Task prompt: When you reach the line containing "Světová premiéra filmu", start transcribing exactly and continue through the last line of the data, skipping every picture.

Data excerpt:
------------------------------------
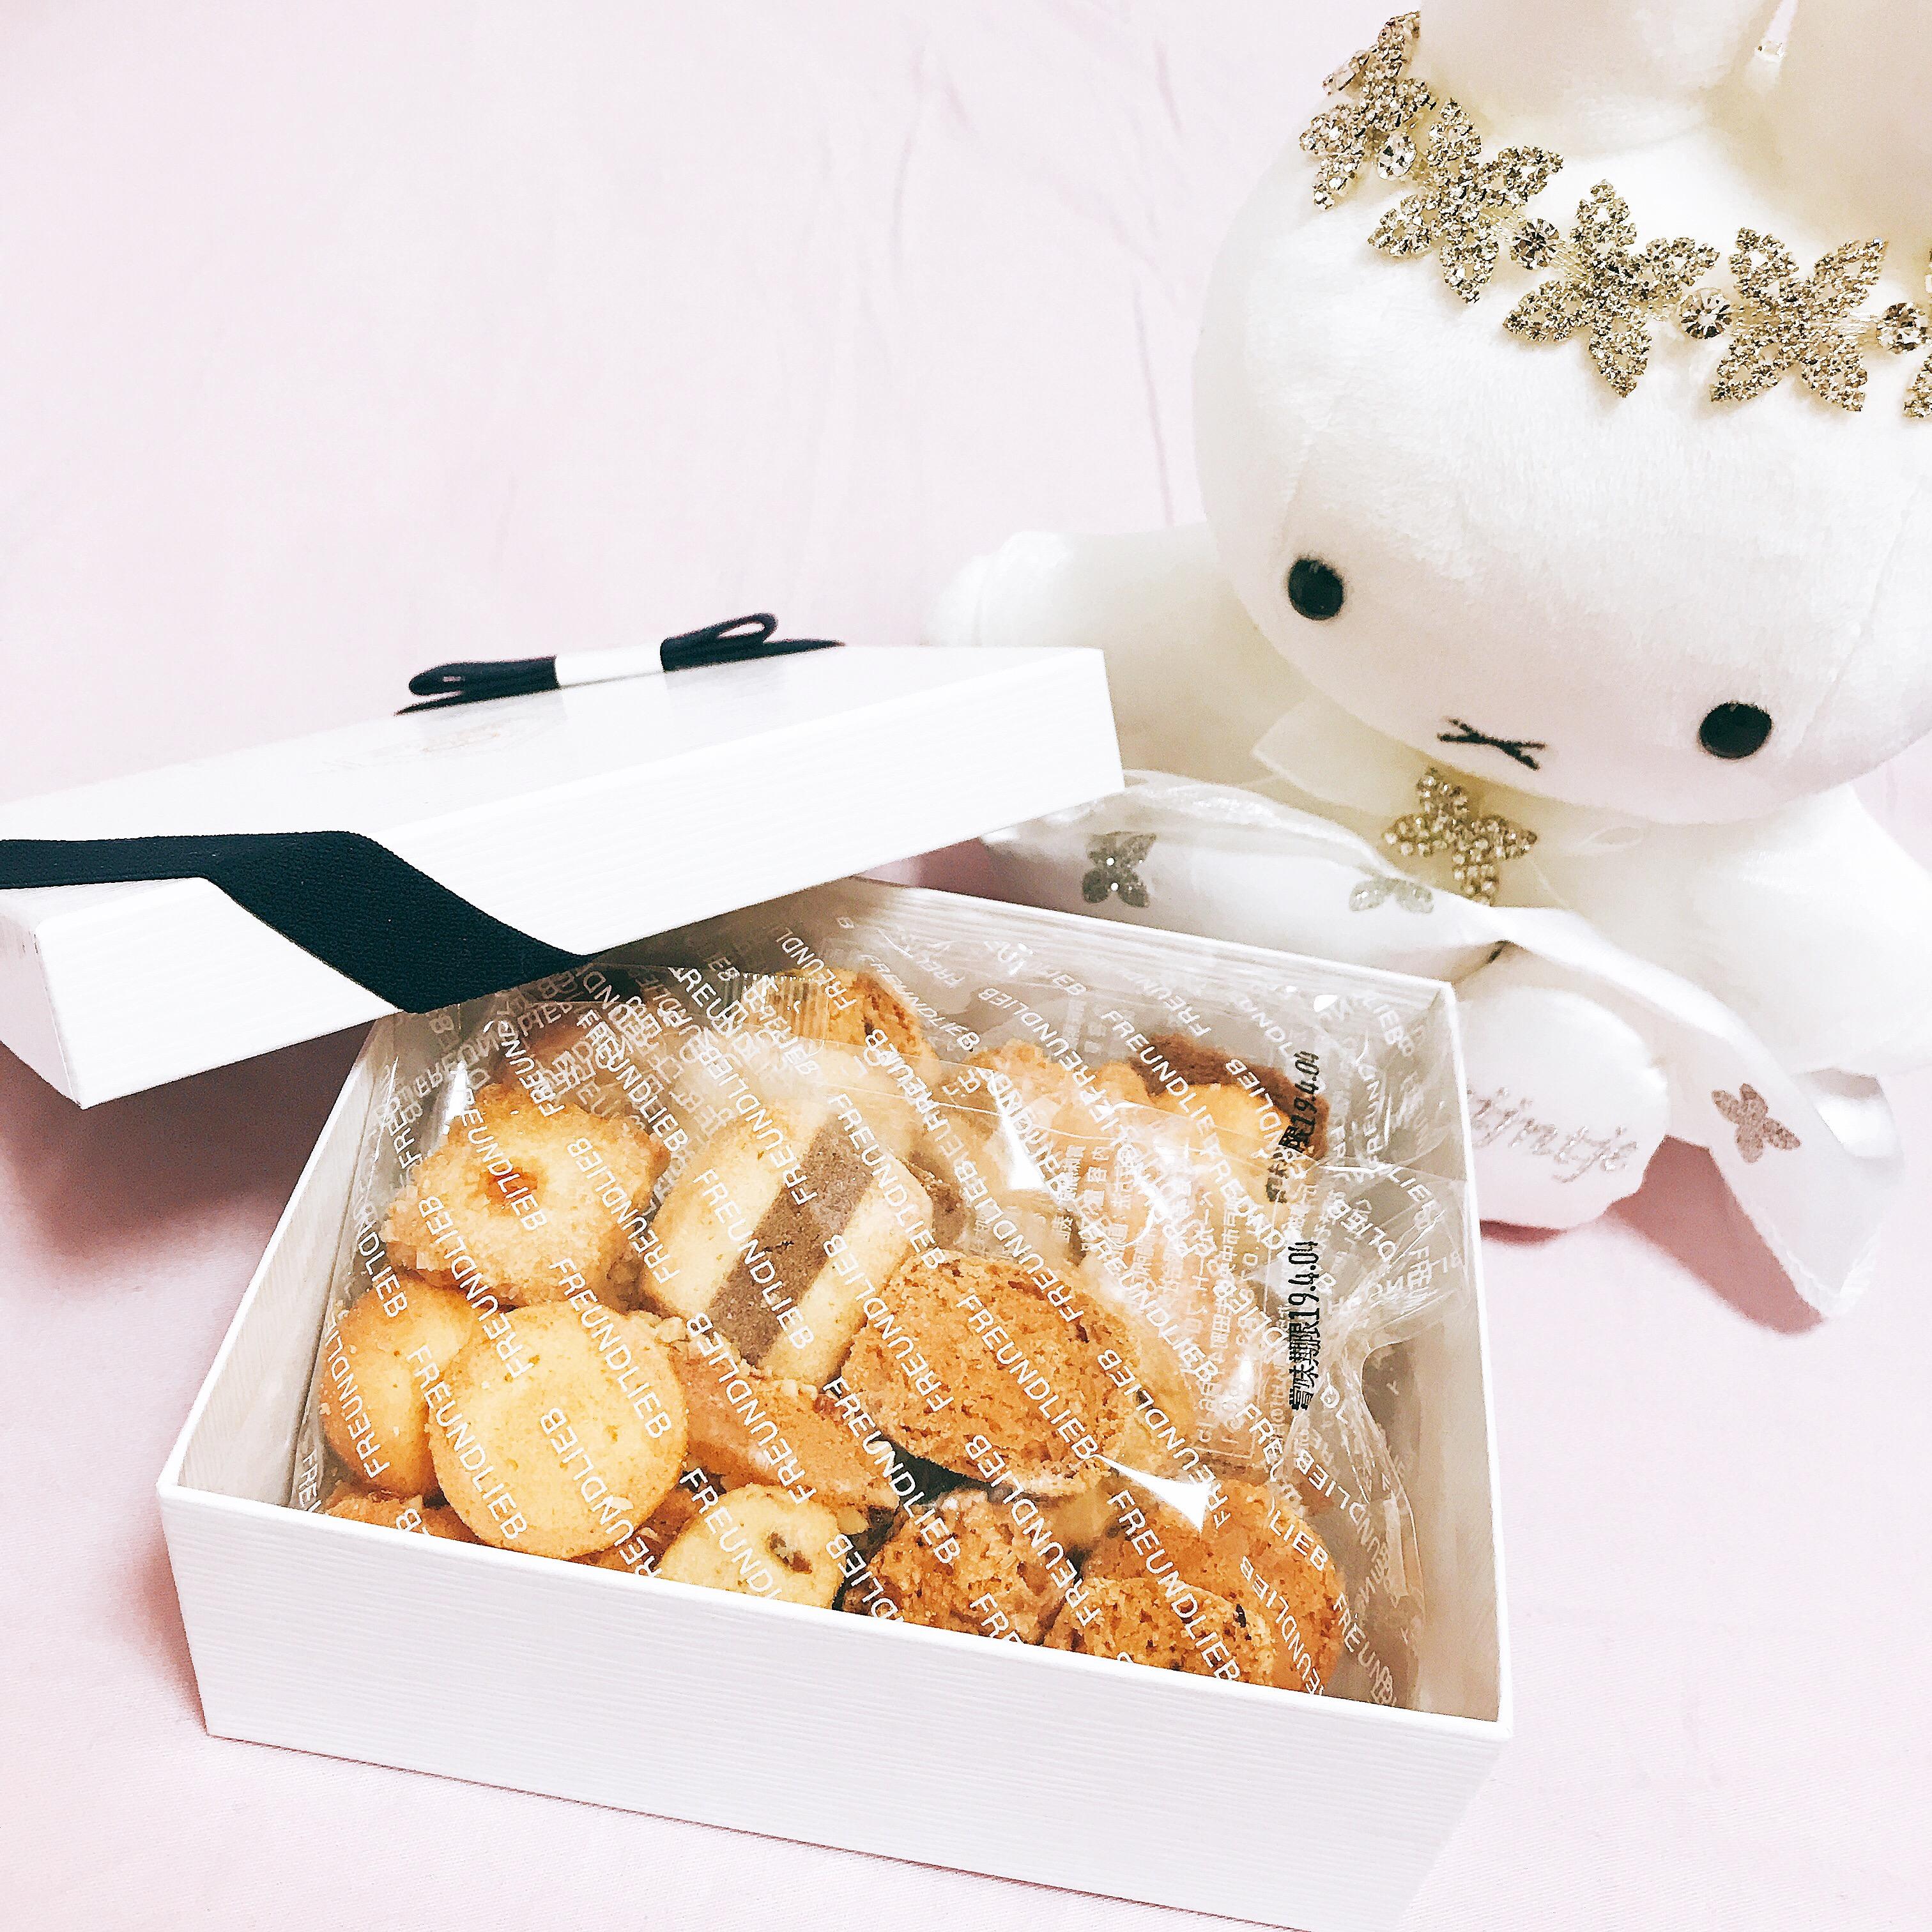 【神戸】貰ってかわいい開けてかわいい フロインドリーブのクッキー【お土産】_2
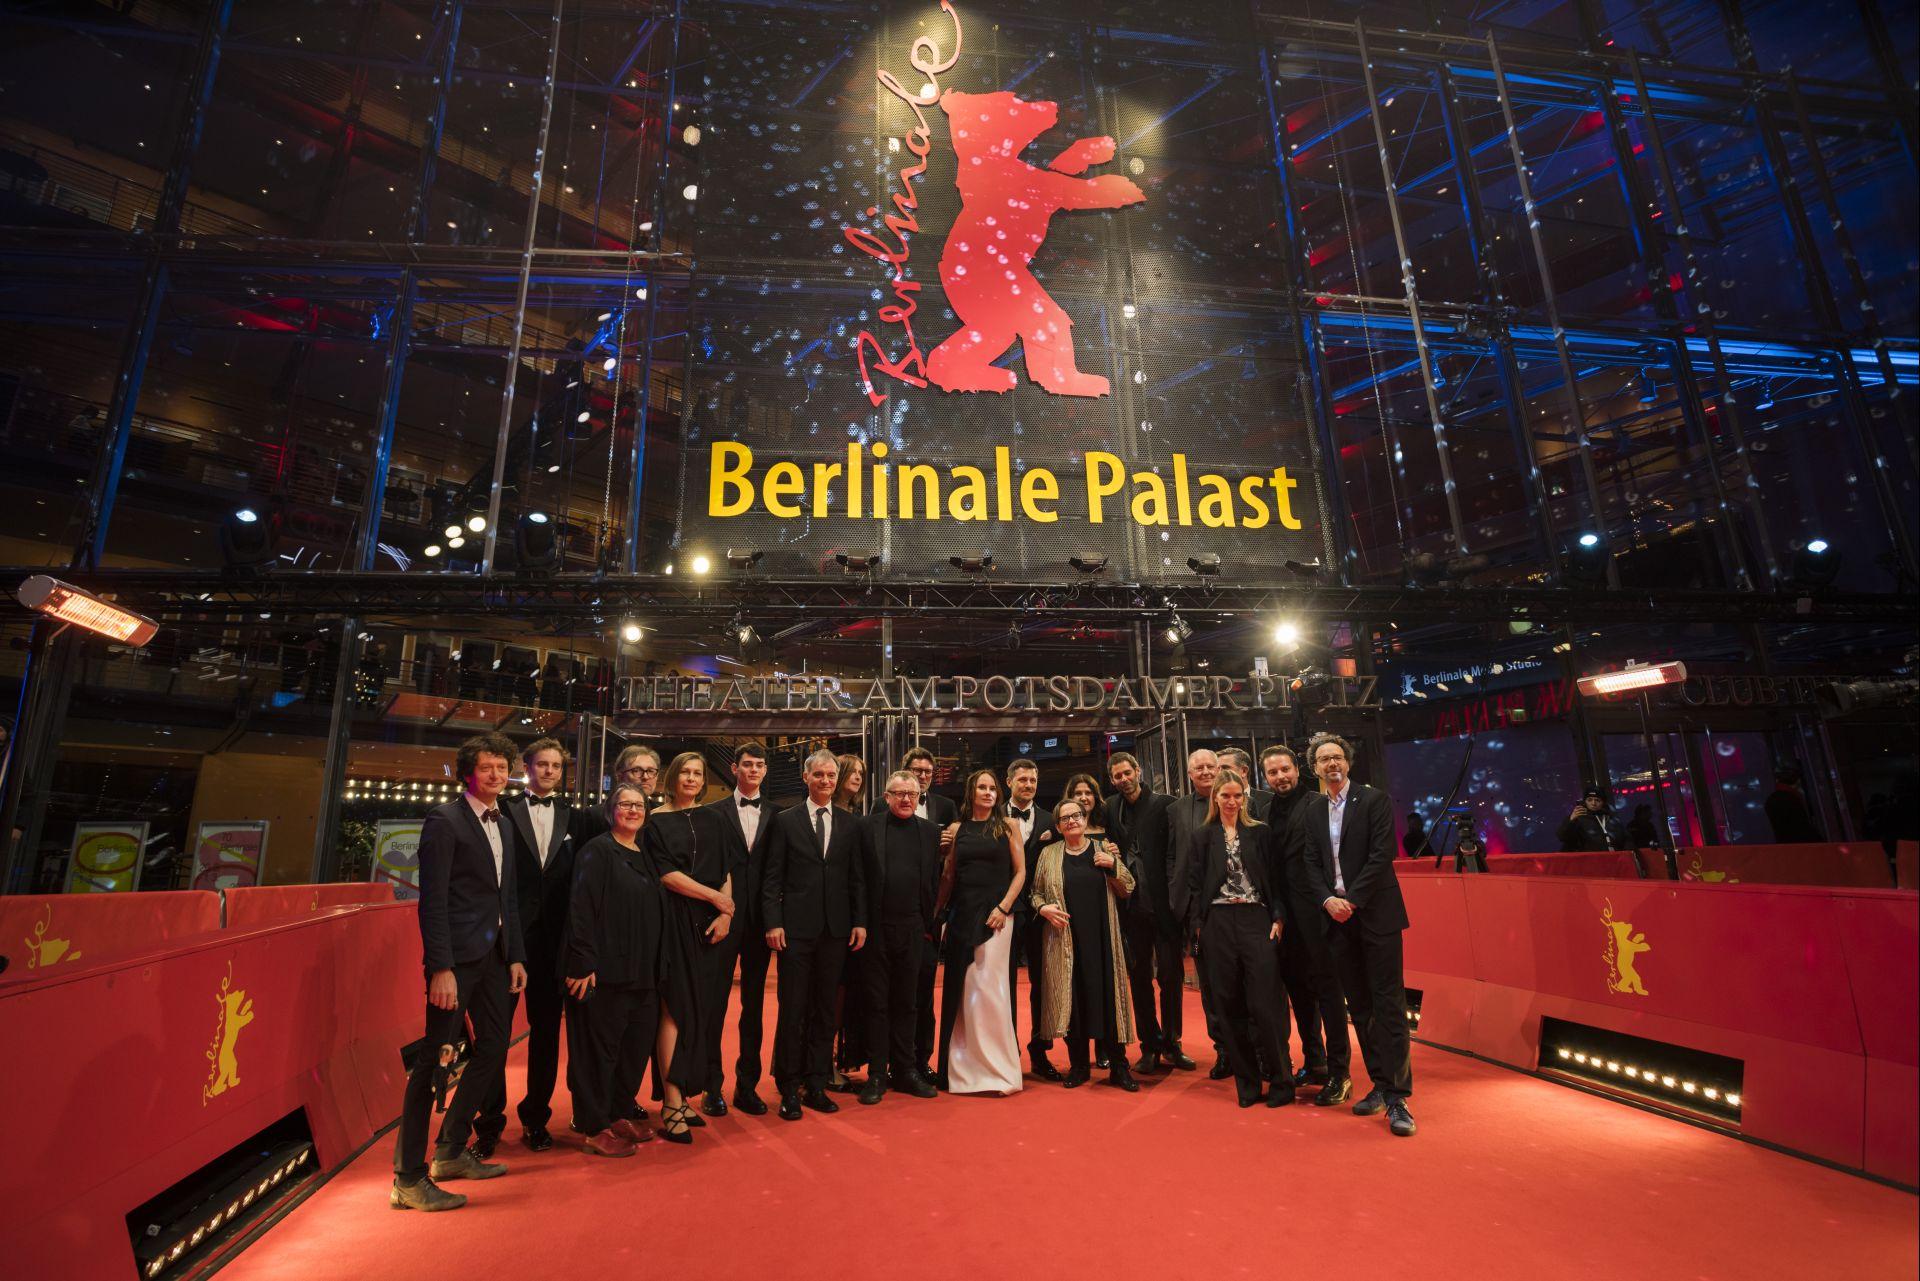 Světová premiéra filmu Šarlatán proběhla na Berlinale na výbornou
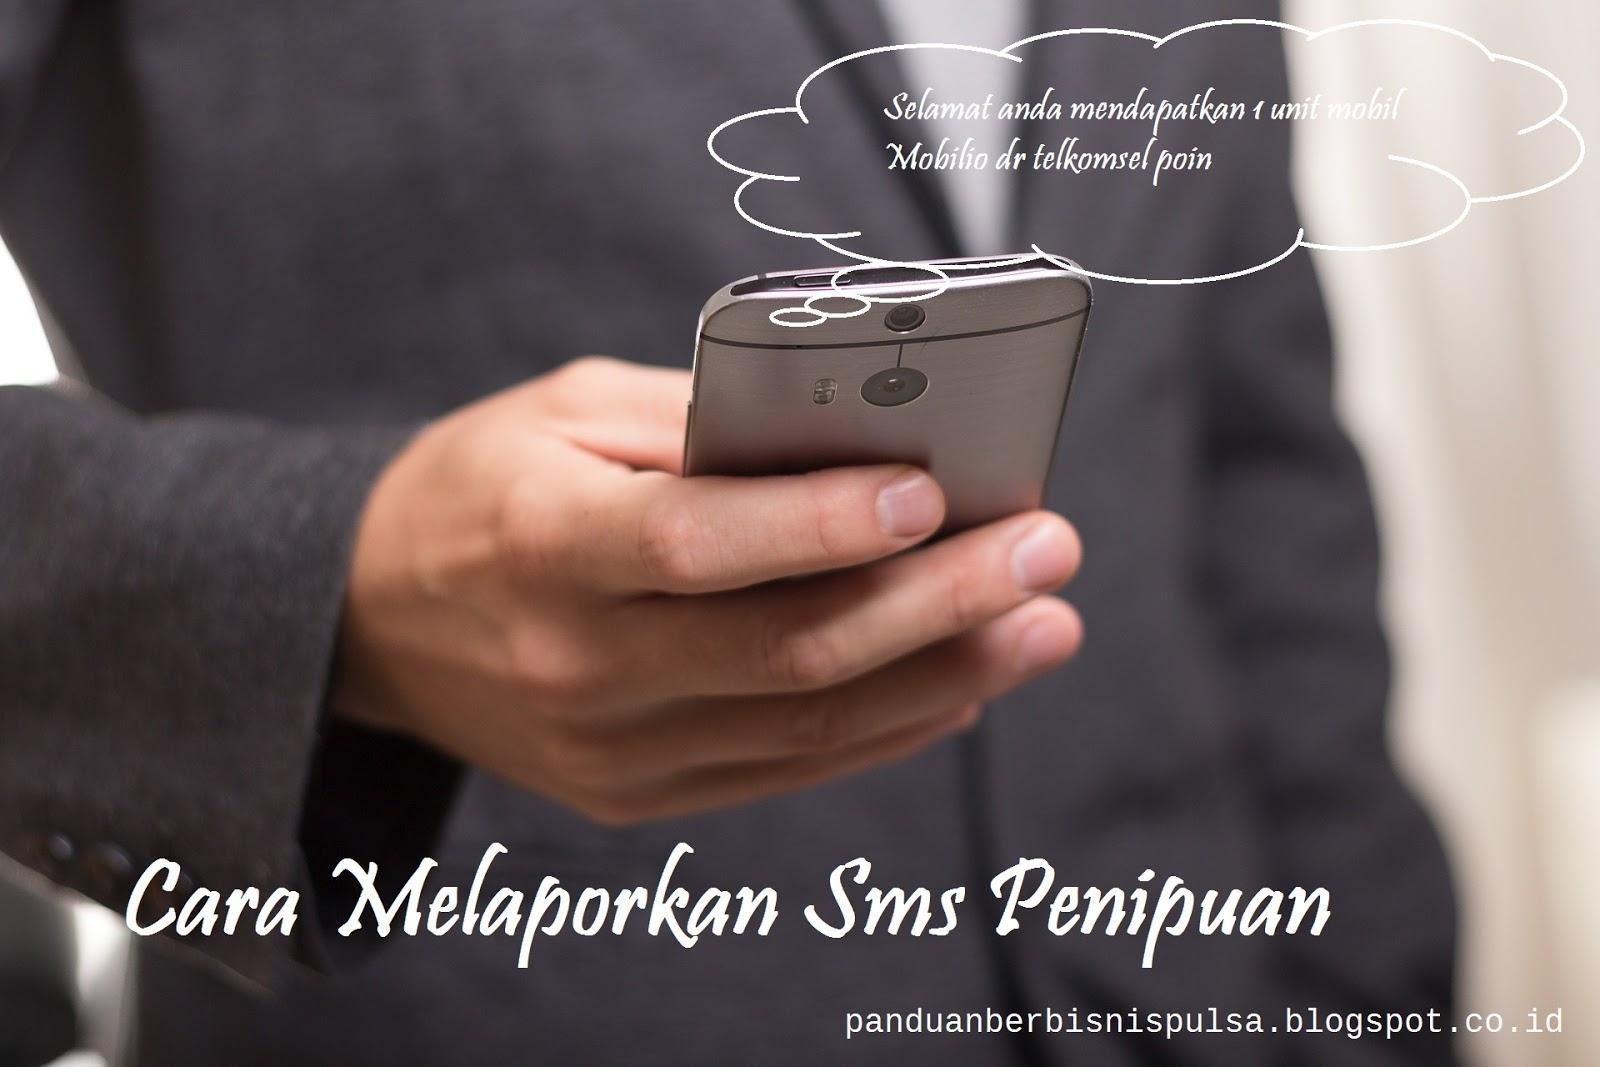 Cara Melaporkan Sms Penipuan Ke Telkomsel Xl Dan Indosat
------------------------------------
Solution below:
 Světová premiéra filmu Šarlatán proběhla na Berlinale na výbornou
 Cara Melaporkan Sms Penipuan Ke Telkomsel Xl Dan Indosat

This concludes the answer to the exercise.